# The Vista SP2 install thread



## qubit (May 26, 2009)

Post you SP2 install experiences here. Hints, tips, problems, anything you come across.

I'm currently installing SP2 on Vista 32-bit and it's going pretty smoothly - so far...


----------



## RadeonX2 (May 26, 2009)

When the RTM leaked through the internet I already downloaded and installed the SP2 right away. no surprise as the RTM and official release had the same version.

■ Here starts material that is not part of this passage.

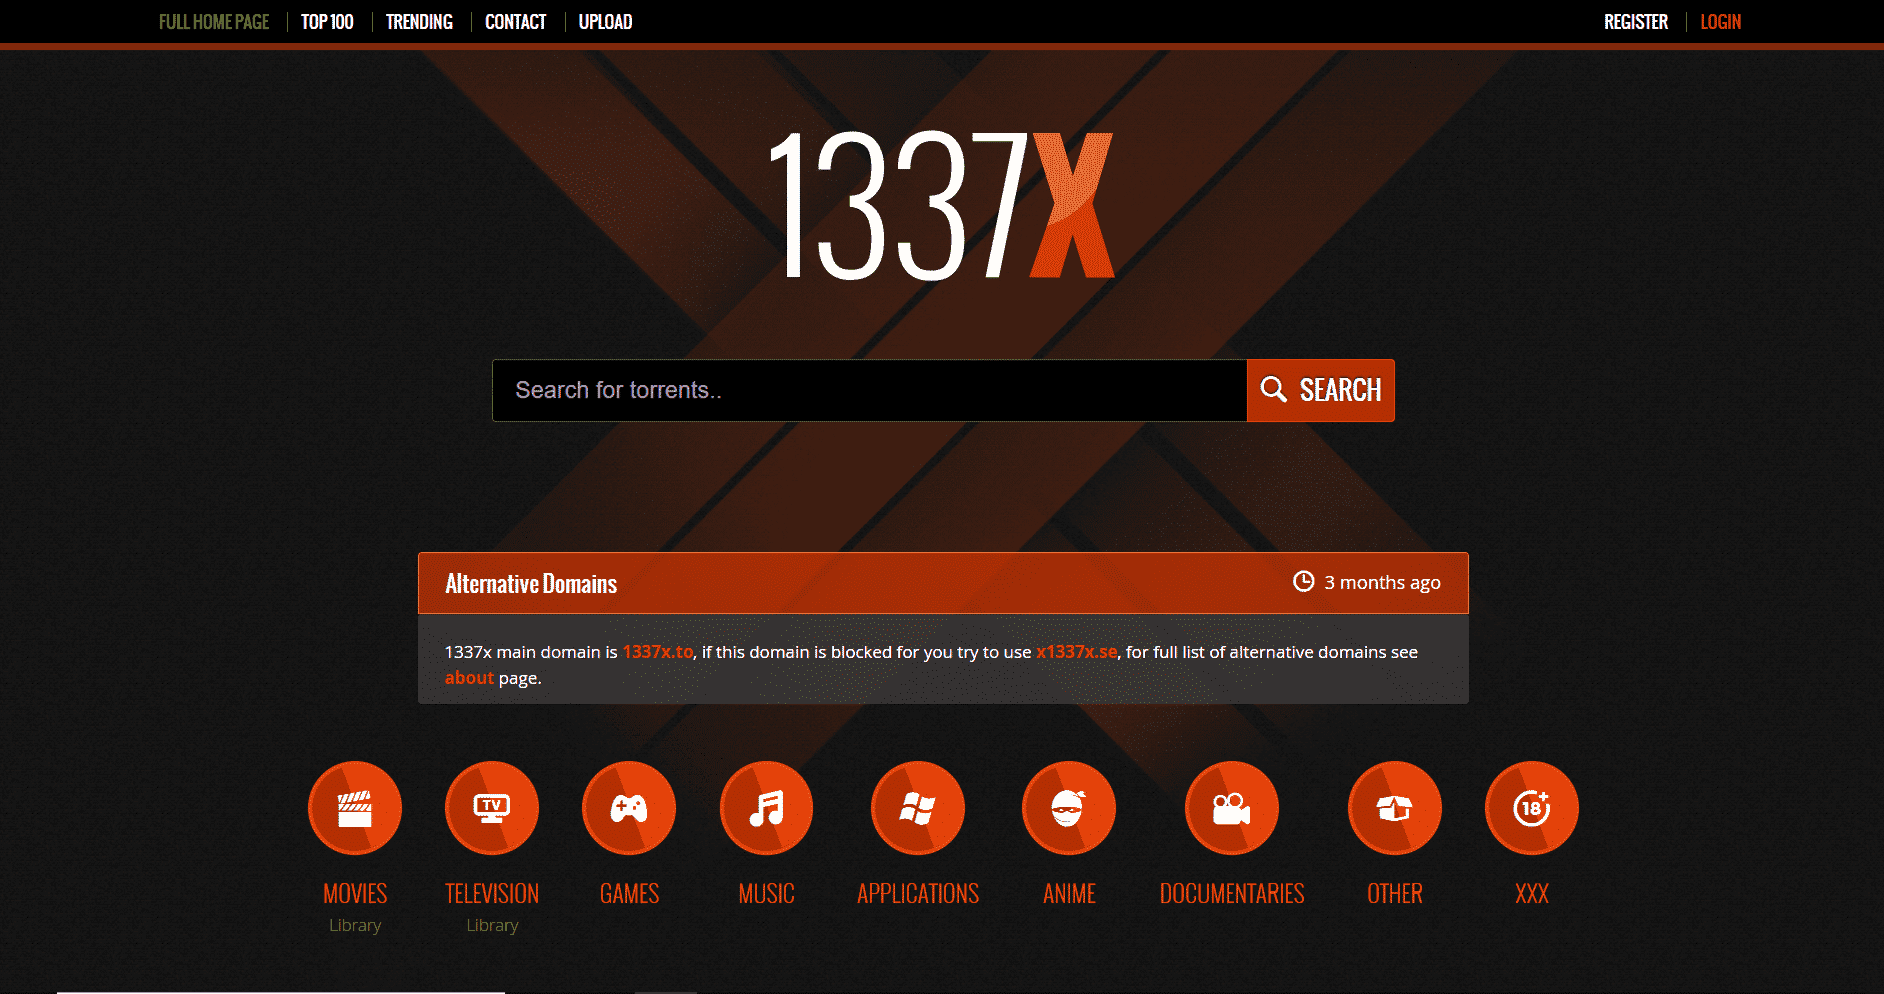 1337x - Best torrent sites

Well my 1st experience was when opening programs or folder it feels much snappier. So far no probs yet


----------



## IINexusII (May 26, 2009)

kept crashing on the last step when i used the installer from sp1 to sp2, better to start fresh with an iso


----------



## FatForester (May 26, 2009)

Installed it earlier this morning on Vista x64 and so far no problems. It took up ~2 gigs after installation, but if you use the command compcln.exe (the newer version of vsp1cln.exe) it gets rid of about 700 MB or so.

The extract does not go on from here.